Peripheral neuroprotective potential and toxicological profile of fascaplysin in zebrafish models

Fascaplysin is a bioactive compound derived from marine sponges, which have anticancer properties and potential neuroprotective effects mediated by mitigation of oxidative stress-induced neurotoxicity. This study investigated the concentration-dependent effects of fascaplysin in zebrafish models, focusing on embryonic survival, cardiac function, melanocyte formation, and peripheral nerve health. Zebrafish embryos were exposed to fascaplysin at concentrations ranging from 10 nM to 100 μM, and developmental parameters were assessed.
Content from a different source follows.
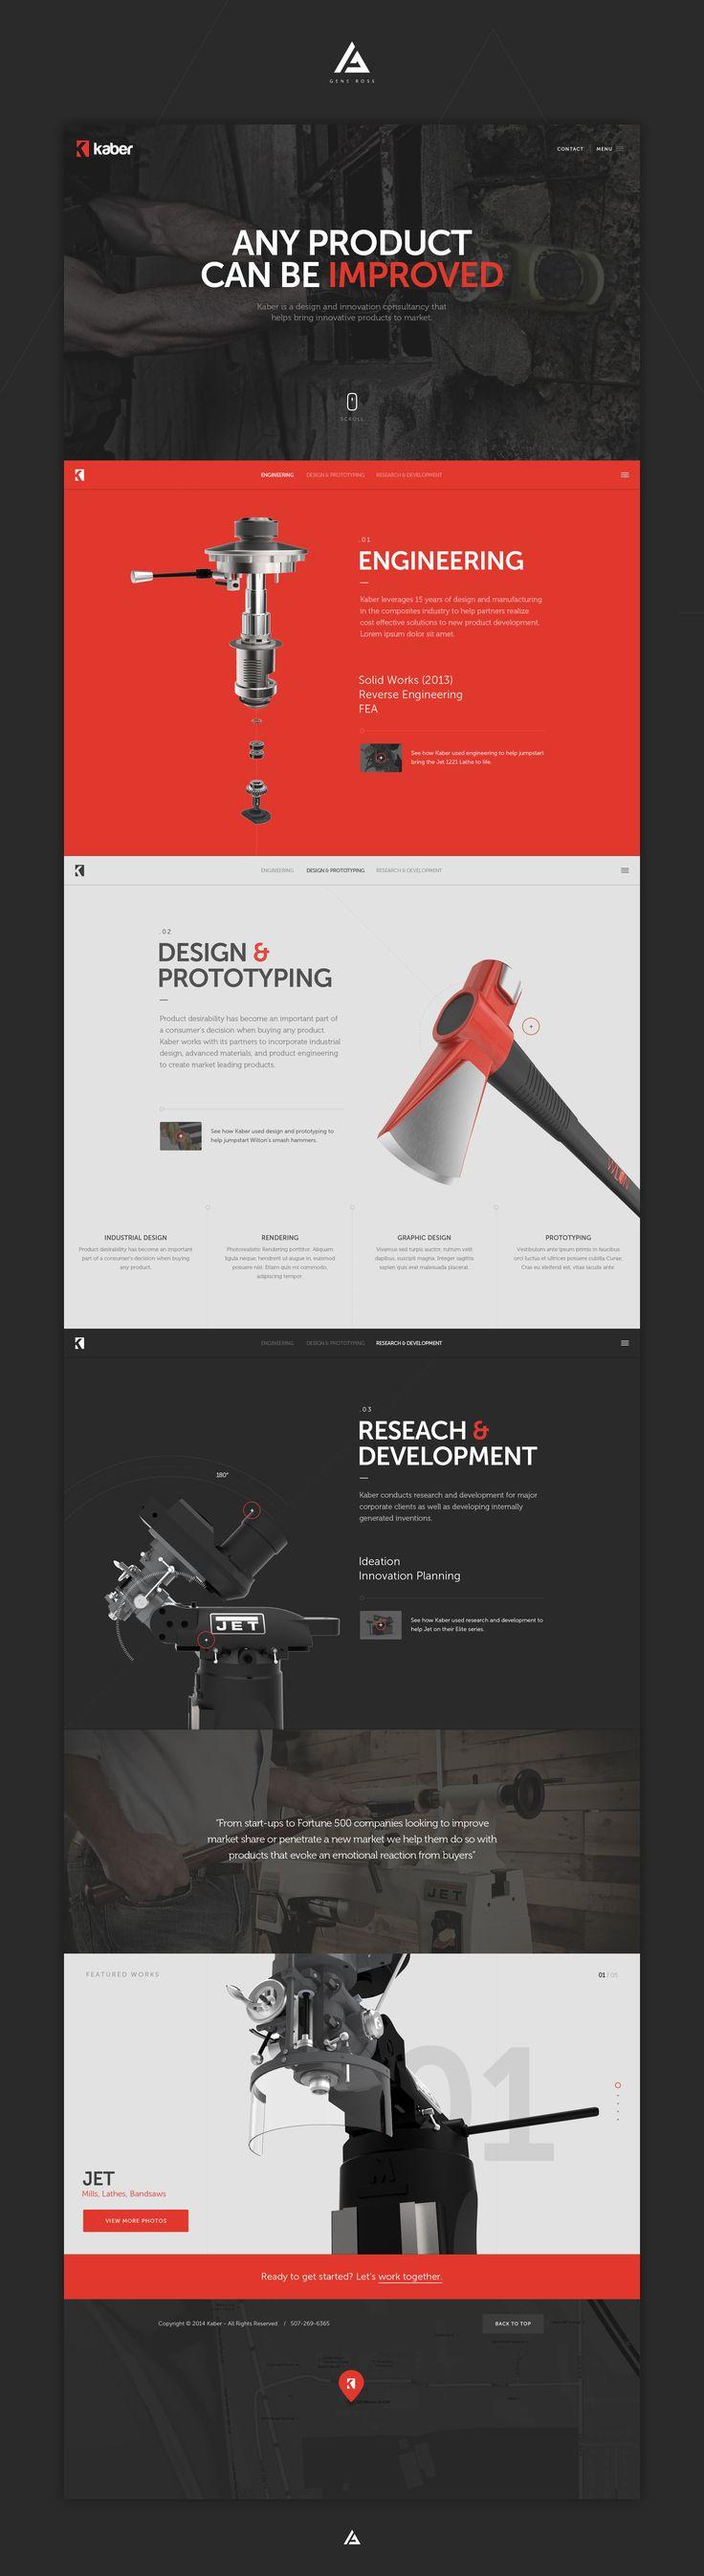 Cool Web Design, kaber. #webdesign #webdevelopment
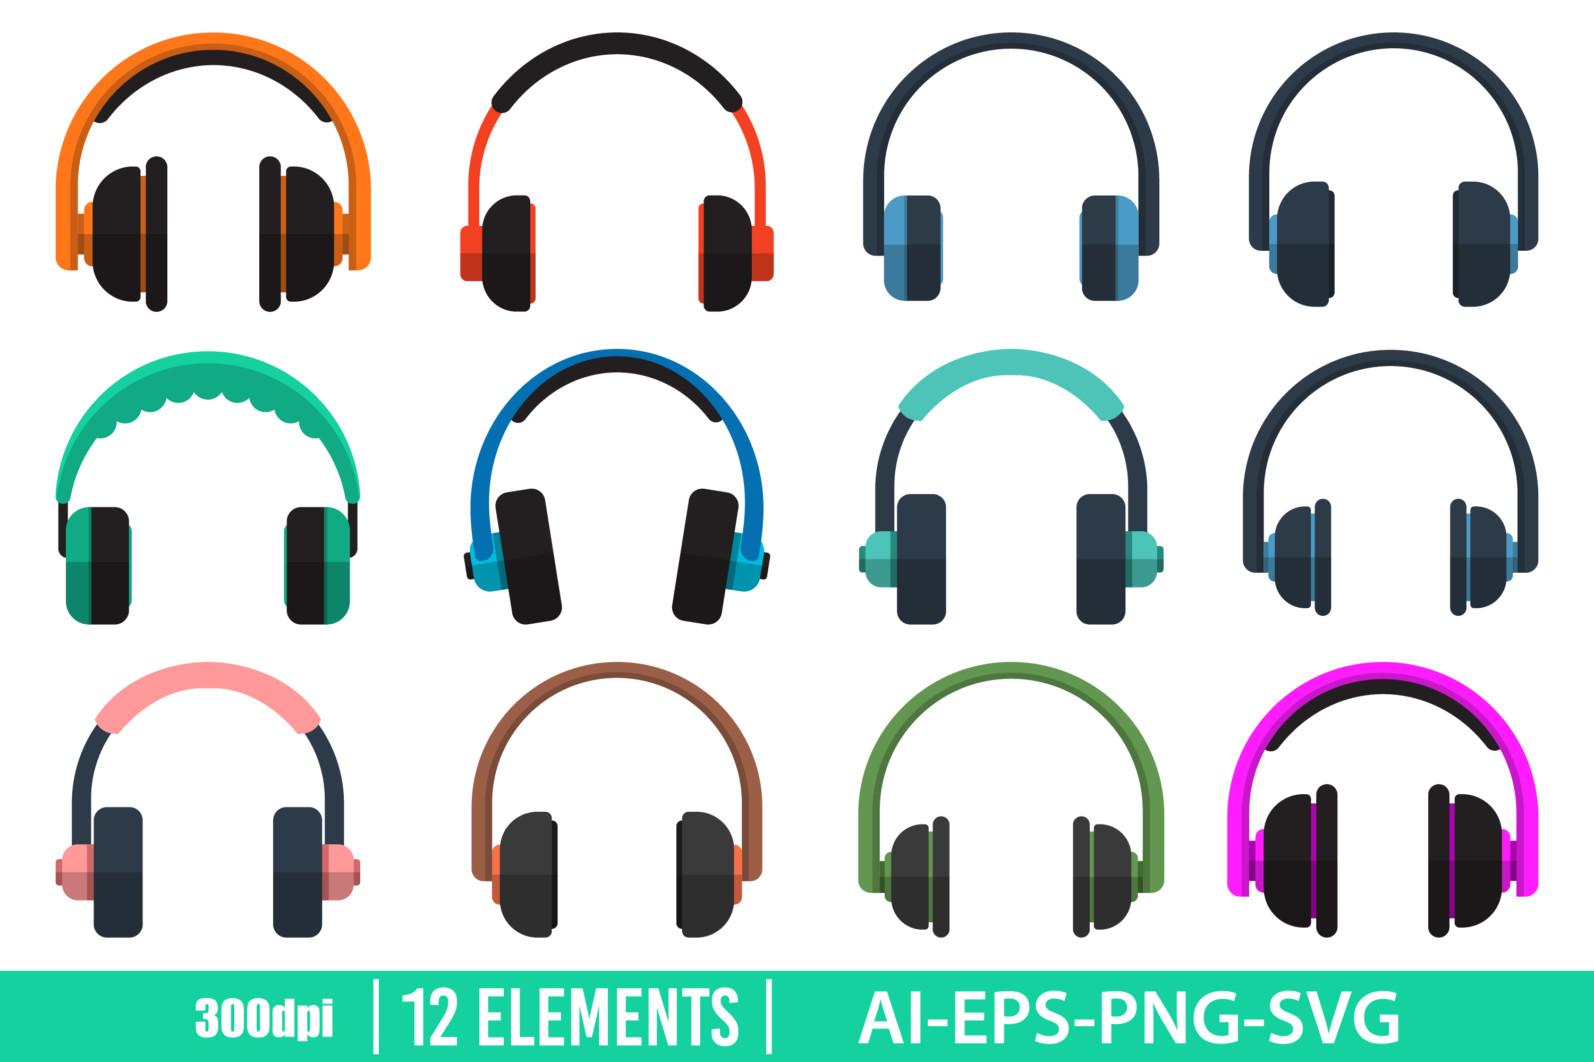 Headphones clipart vector design illustartion. Headphones set. Vector Clipart Print - HEADPHONES scaled -

At higher concentrations (≥1 μM), fascaplysin significantly decreased embryo survival rates, delayed hatching, impaired cardiac function, and caused morphological abnormalities, including disruption of melanocyte formation and structural deformities. By contrast, lower concentrations (10 nM and 100 nM) did not exhibit significant toxicity. In adult zebrafish, fascaplysin at 100 nM reduced the expression of superoxide-producing enzymes and preserved peripheral nerve integrity following injury, as demonstrated by maintenance of fluorescence in transgenic zebrafish with expression of green fluorescent protein in Schwann cells. These findings suggest that fascaplysin exhibits peripheral neuroprotective effects at low concentrations, potentially through the reduction of oxidative stress and preservation of Schwann cell function. However, the toxicity observed at higher concentrations highlights the importance of dose optimization. Fascaplysin is a promising candidate for the development of new therapeutic strategies for peripheral neuropathies, and further studies are required to elucidate the underlying mechanisms and validate its efficacy in mammalian models.